IMS leads the way: During FY07, HCL tech witnessed good traction across all its business segments - core software, IMS, and BPO. However, the pick of the three was IMS, which recorded a 68% YoY growth in its topline and 90% YoY growth in earnings before interest and tax (EBIT). The operating margins in this segment expanded by 2% largely due to leveraging of direct costs. BPO services recorded a 36% YoY growth in topline and 38% YoY growth in EBIT. Operating margins here were stable at 24.5%. The core software segment recorded a 33% YoY growth in topline and 31% YoY growth in EBIT. Though prima facie it may look that the growth has been little slower in the core software segment when compared to others, but of the incremental revenues in FY07 over FY06, core software contributed to 66%. The segment contributes to 73% of revenues (down from 75% in FY06) while IMS contributes to 14% of revenues (up from 12% in FY06).

In terms of geographies, HCL Tech is one of the few companies which in not highly dependent on the US for its business. The company’s US revenues recorded a growth of 33% YoY but its share in total revenues came down from 56% in FY06 to 54% in FY07. Europe and Asia Pacific region recorded growth of 41% YoY and 48% YoY respectively.

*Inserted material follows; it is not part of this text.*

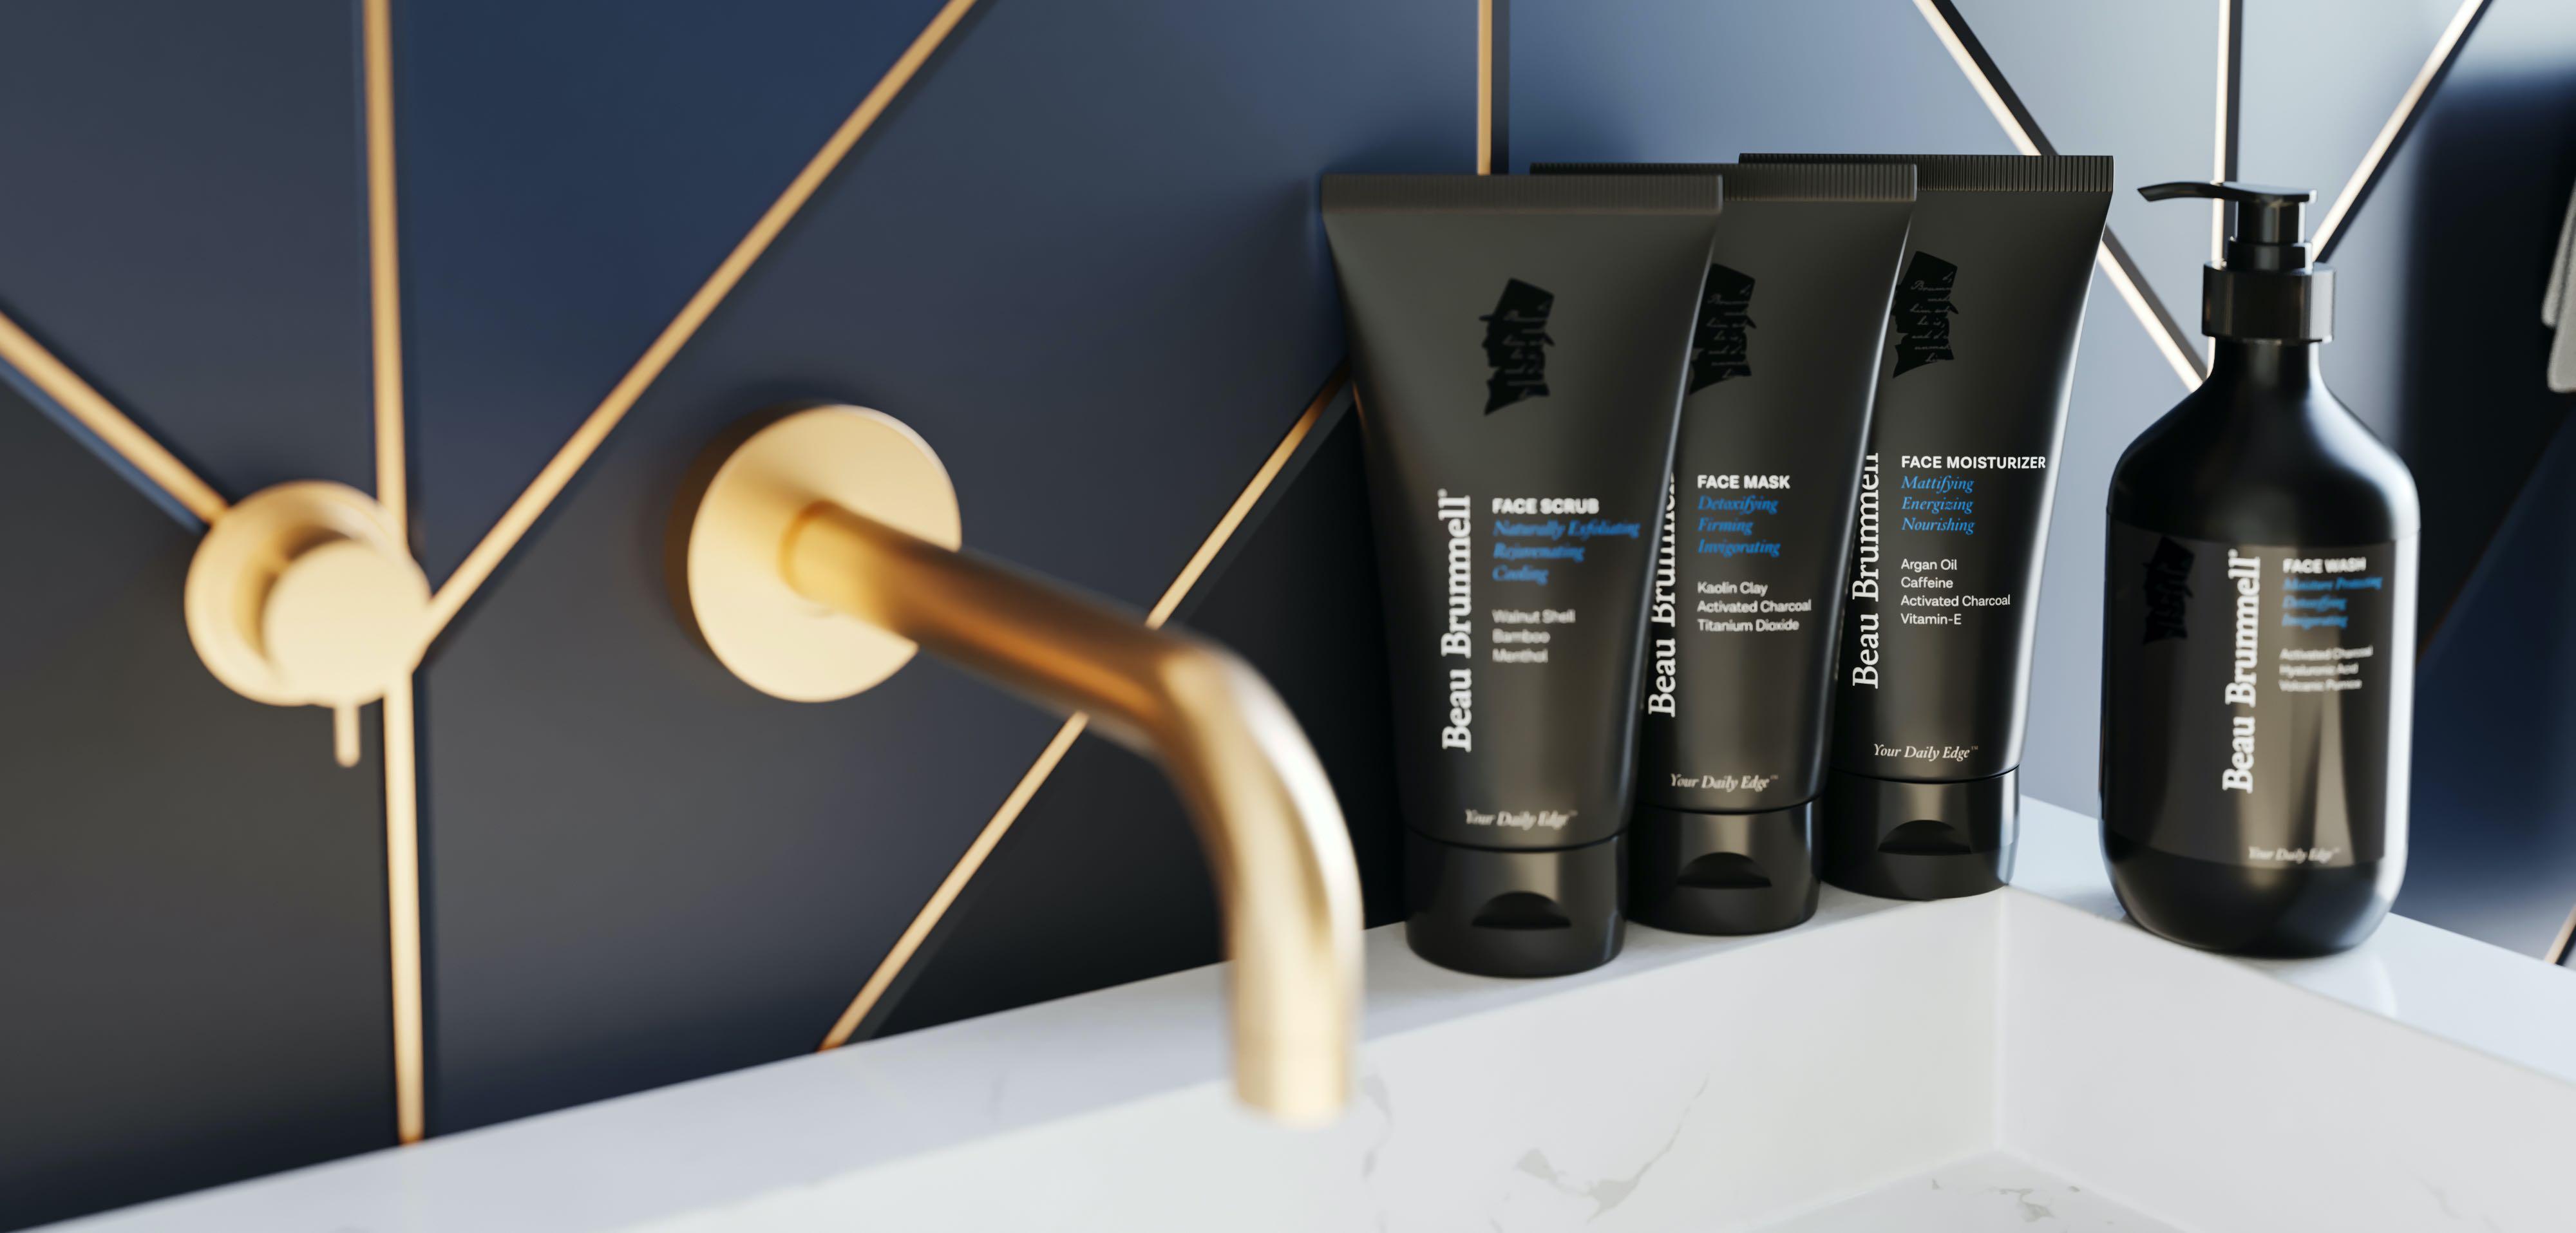 Beau Brummell Skincare Pro Bundle

In terms of business verticals, financial services and life sciences segments recorded growth of 67% YoY and 64% YoY respectively. The share of financial services in total revenues increased from 24% in FY06 to 29% in FY07. Hi-Tech and telecom segments also notched up growth of 27% YoY and 42% YoY respectively. The only laggard was retail, where revenues declined by 3% YoY. HCL Tech added a net of 9,391 employees during the year and the attrition rate remained stable at 17.5%. The company added 65 new clients during the year with one client in the range of over US$ 100 m.

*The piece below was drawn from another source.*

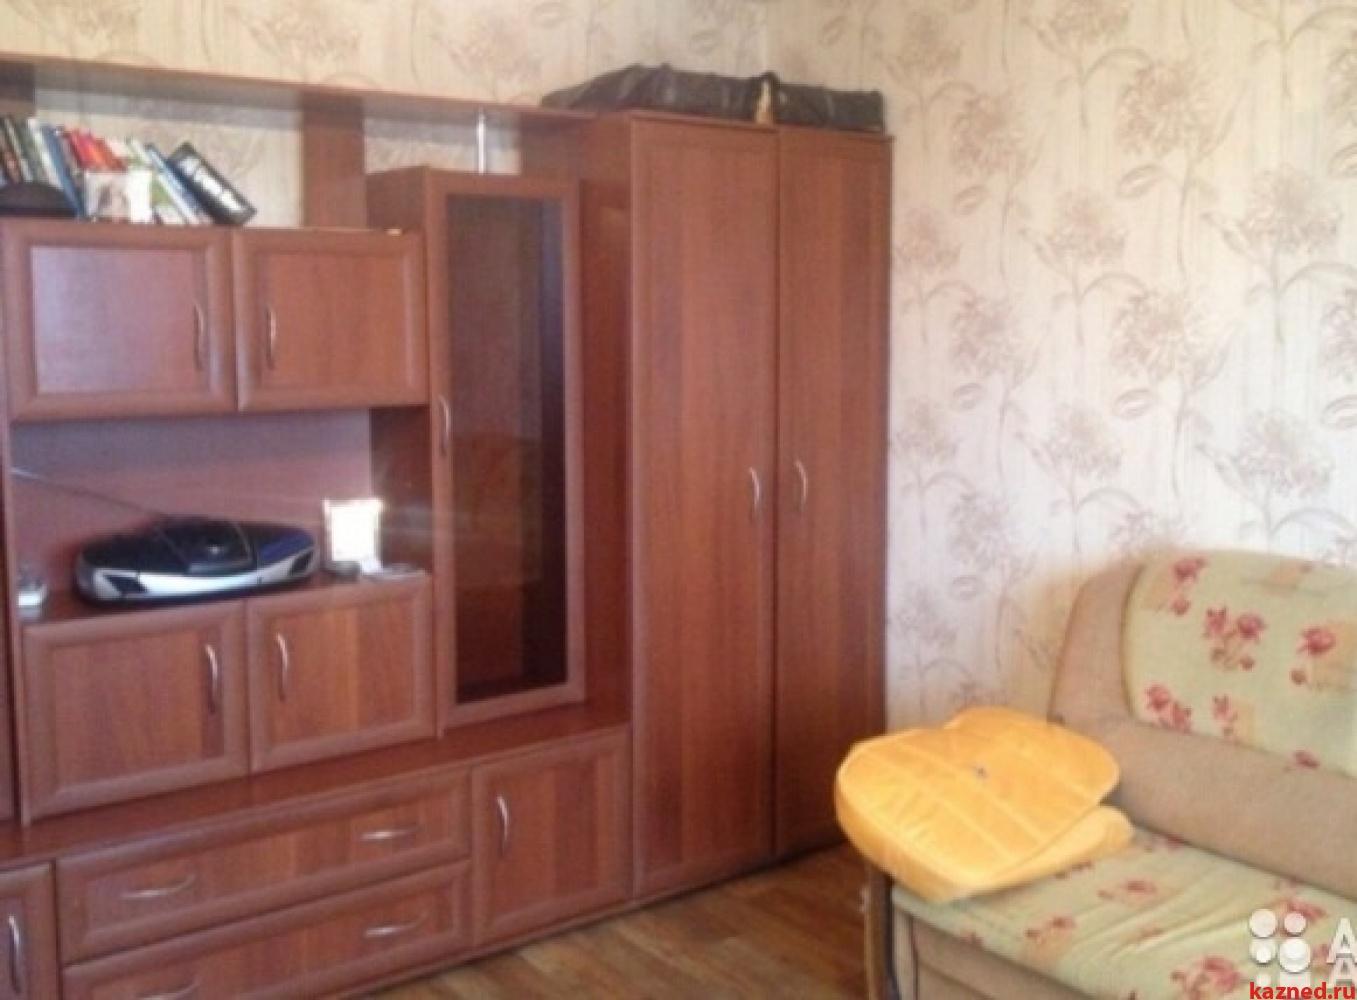 Продажа 3-к квартиры Фучика 44, 68 м²  (миниатюра №1)

Operating margins remains stable: HCL Tech’s operating margins, on a consolidated basis, remained stable at 22%. On a segmental basis, the operating margins of IMS division expanded by 2% largely due to SG&A leverage. The operating margins of BPO division expanded marginally by 40 basis points while the margins of core software stood at 22.7% (marginal decline of 0.1%).

Segmental performance…
  FY06 FY07
Core Software
Revenue contribution 32,966 43,870
% of revenues 75.1% 72.7%
EBITDA Margins 22.8% 22.7%
EBIT Margins 19.6% 19.3%
Infrastructure Services
Revenue contribution 5,038 8,481
% of revenues 11.5% 14.1%
EBITDA Margins 15.4% 17.3%
EBIT Margins 8.4% 11.7%
BPO Services
Revenue contribution 5,878 7,985
% of revenues 13.4% 13.2%
EBITDA Margins 24.2% 24.6%
EBIT Margins 16.1% 17.3%

Other income aids bottomline: HCL Tech’s bottomline expanded by 75% YoY during FY07, which was mainly driven by a 644% YoY rise in other income, constituted by foreign exchange gains. This also helped the PAT margins to expand by almost 5% over FY06. As a result of higher other income, the effective tax rates also increased from 7.5% in FY06 to 10% in FY07.

Performance in the recent past…
  2QFY06 3QFY06 4QFY06 1QFY07 2QFY07 3QFY07 4QFY07
Sales (QoQ growth, %) 8.6 6.4 11.7 10.0 6.2 7.6 2.2
Operating margins (%) 22.5 22.3 22.5 21.7 22.1 23.3 21.6
Profits (QoQ growth, %) 8.2 6.5 20.8 7.4 6.4 15.9 46.7
Employees (Nos.) 28,182 29,948 32,626 36,452 38,317 40,149 42,017

What to expect?
At the current price of Rs 324, the stock is trading at a multiple of 13.6 times our estimated FY09 earnings. HCL Tech has announced seven new multi-service deals, which are expected to boost revenue growth going forward. However, the risks with respect to its sustainable performance remain, as has been the case in the past. High attrition rates and rupee appreciation are our key concerns with respect to the company. We shall soon update our research report on the company.